Just for grins how tall are you? I'm 5'4" with long legs and short torso (for my height), and I've always found that the majority of bikes are too long.

I'm not the only other female on this forum who runs into this problem either. So I'm glad you found what works for you, but in all honesty, bikes are getting longer and taller and harder for us short folks to find something that fits. The riders who are south of 5'4" or 5'3" probably have it a bit rougher than I od.

So you can imagine that when I was looking for a new bike, I was really planning on staying with Ibis. But the bike I really wanted to test ride (even though it's 29er) is the Ripley LS. They haven't made in a small, and I couldn't even throw my leg over the medium, so I gave up and started looking elsewhere. That's just an example: there are other bikes I can't test ride because the same reason even if I wanted to.

I test ride EVERYTHING on the dirt now, or I don't buy it. Running the numbers doesn't always work, and with as much as bikes cost these days, I'm rather hesitant to throw the money in something I'm not sure how it fits or feels in the dirt.


----------



## Legbacon (Jan 20, 2004)

I'm 5'9.5" with what the Ibis guy called "stumpy legs". It's easier to find frames to fit when you are taller, but not too tall. My wife is 5'4" so I understand this a little bit.


----------



## mahgnillig (Mar 12, 2004)

I've been keeping a running spreadsheet of the bikes I've been demoing and to be honest it doesn't seem to be that useful. Sure you can get yourself on the right sized frame using numbers (mostly) but it seems like the bikes don't always feel the way the numbers suggest they ought to. I'm still keeping track using the spreadsheet but notes about feel seem to be more productive. It seems like demoing is really the only way to go (same with skis) as the numbers don't give you the whole picture. I wouldn't buy a car without driving it first... same with a bike. If they didn't cost so much I might be a little more willing to take a chance, but a good bike is a pretty hefty investment these days.

Sent from my SM-G950U using Tapatalk


----------



## bachman1961 (Oct 9, 2013)

The funk of New sizing struck here as well. 
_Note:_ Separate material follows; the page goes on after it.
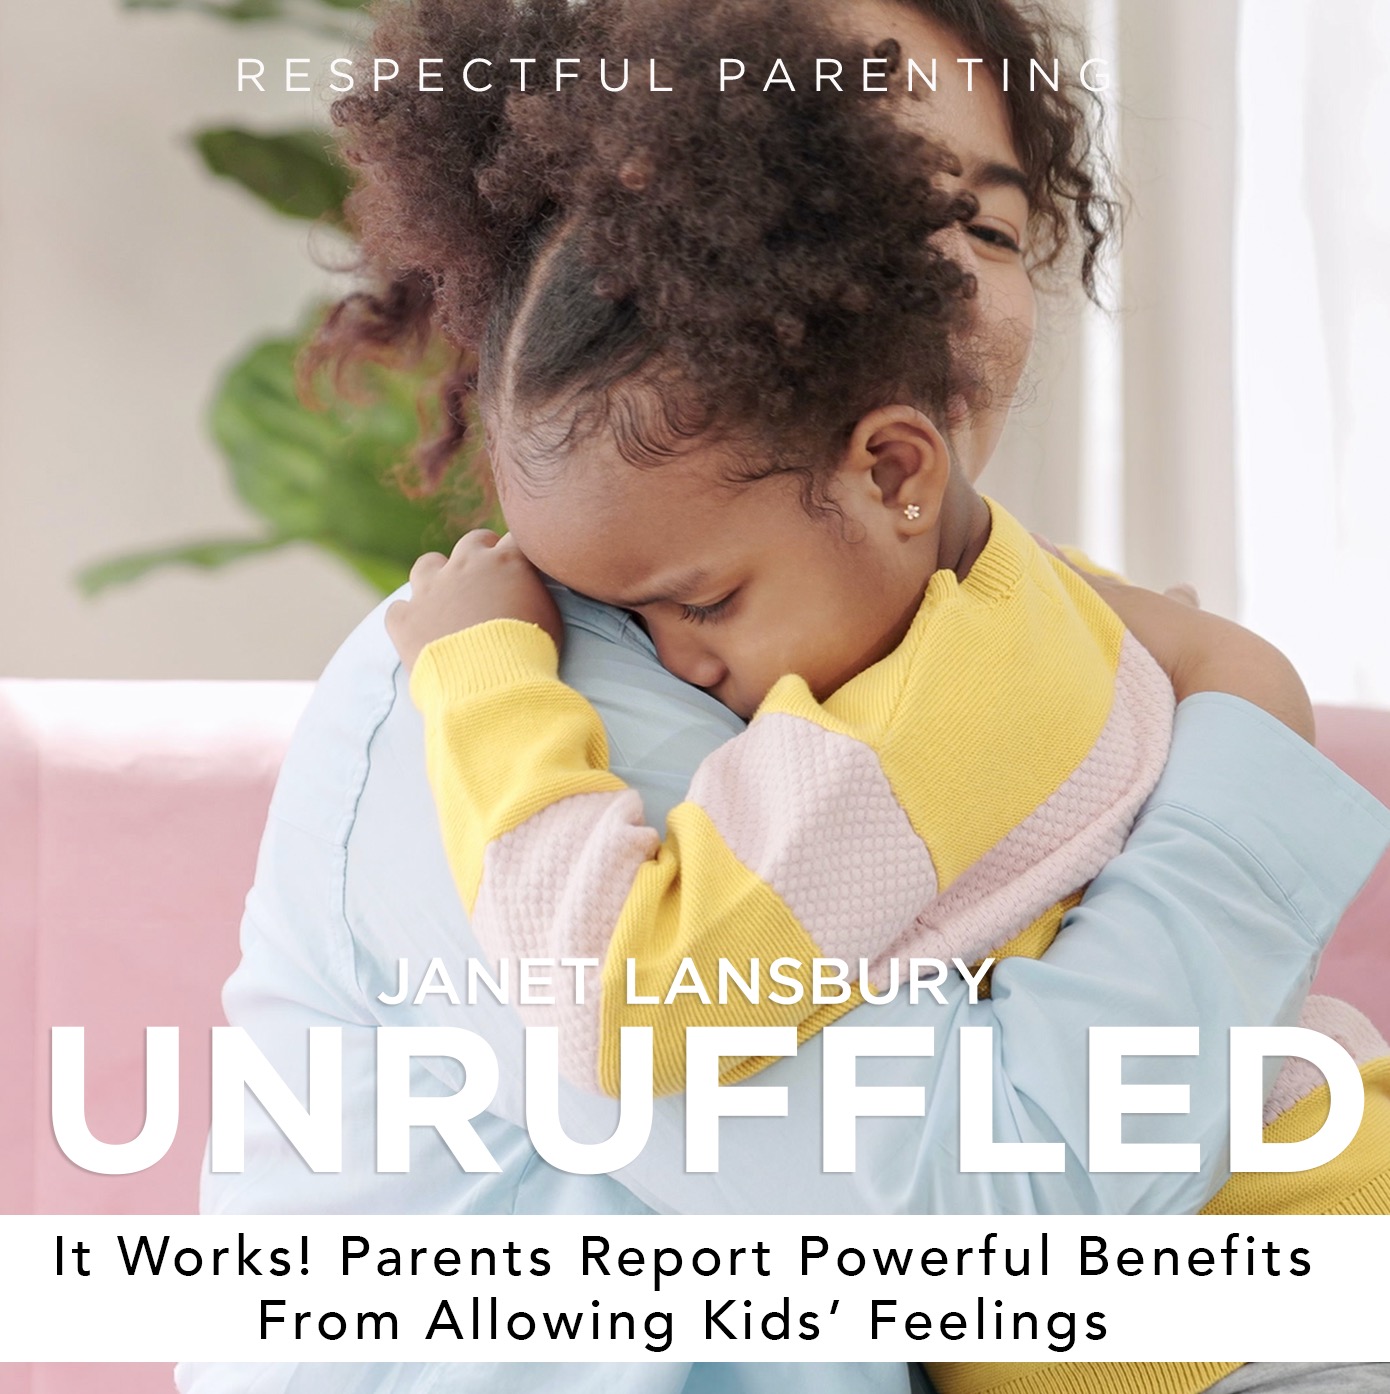 It Works! Parents Report Powerful Benefits From Allowing Kids’ Feelings

I'm just a tad over 5'10" , inseam 32 and sleeve length 33 or I should say, perfectly between the med and lg on most bikes I see for rider size.

I was on a 2001 Kona 18" with an added longer stem and I always felt like the Kona was bit too short on the top tube/cockpit etc... The stem swap helped and I got used to the bike with the saddle set back to the max also.
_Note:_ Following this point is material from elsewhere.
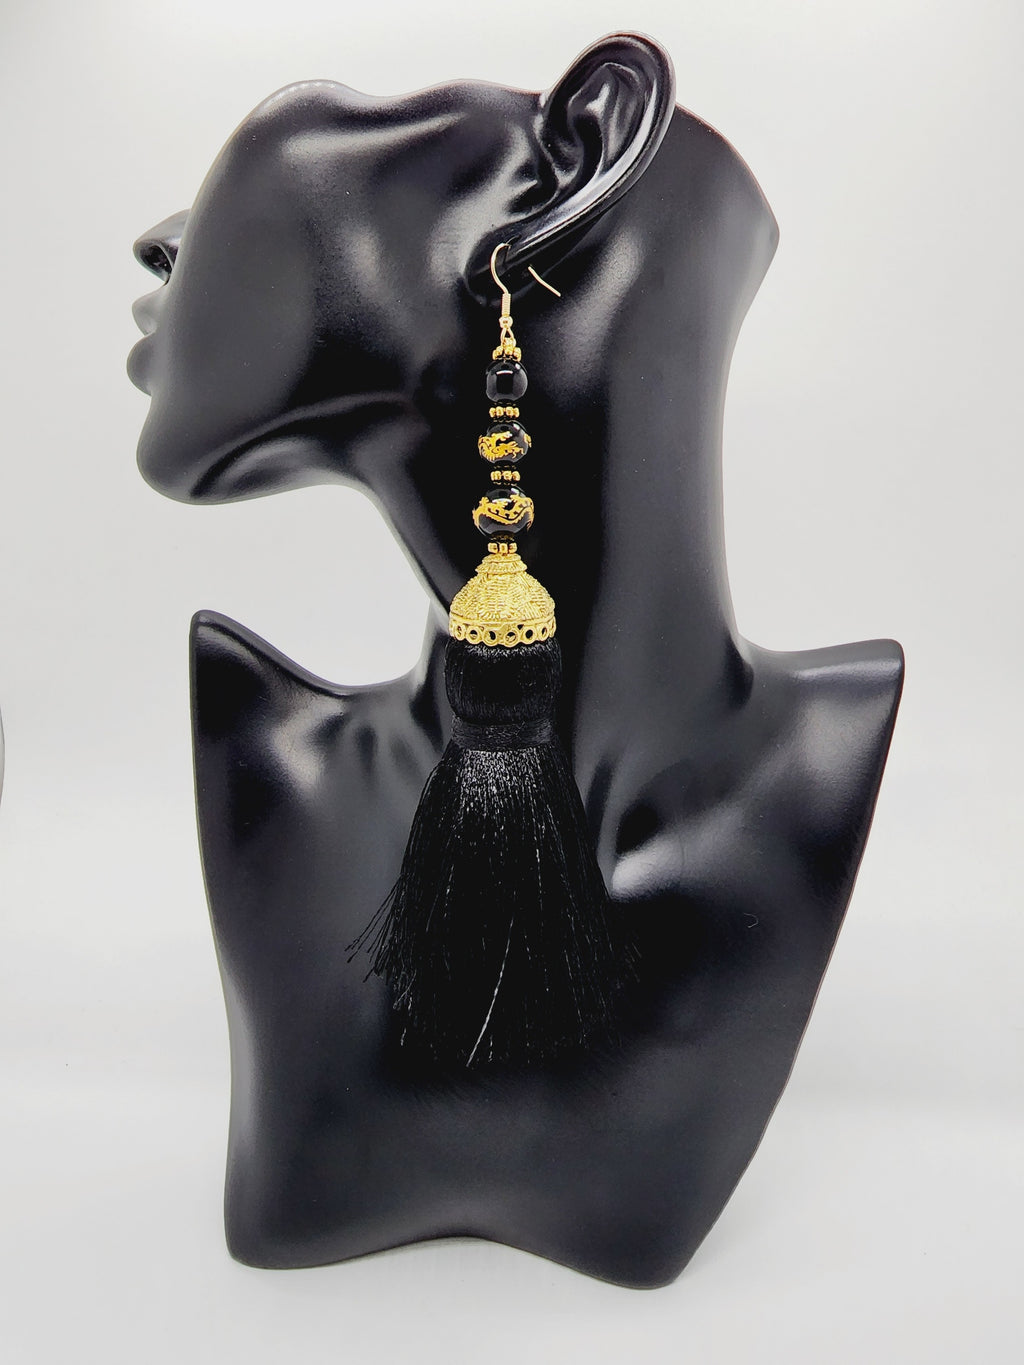 PLEASE BE AWARE: Earrings Hang Past Shoulders  5.5 inches or more  Length: 6 inches | Weight: 2.7 ounces (earlobe supports provided due to weight)  Distinctly You! These handmade earrings are made using gold and filigree beads, gold and black dragon beads, gold dome covers, black silk tassels. and hypoallergenic hooks with back closures.

Now many years later as I perused the newer bikes and talk of tire sizes, modern geometry - forward geometry etc... I tried the comparo's of specs and measurements only to learn the new names are 'stack' and 'reach' and even then, bikes are not always measured the same. 
I knew the test ride or demo was the way to go but still, I wanted some confirmation that made sense especially since I felt like the Kona may have been made to work more than the right bike size. This time around I didn't want to leave it to chance or get the wrong size.

The simplest idea turned out to be a bit complicated but it indeed was the test ride. The LBS had what I finally honed in on as the bike for me to strongly consider but it was in the large size and the medium was not readily available. I took the large on the condition they they would get a medium for me to test ride and compare to, keeping that option open because I knew it would always haunt me if I didn't "know" by the demo or test ride. It had to be the same bike. They had me ride a medium Tokul but I wasn't confident using another brand medium size for the ultimate decision.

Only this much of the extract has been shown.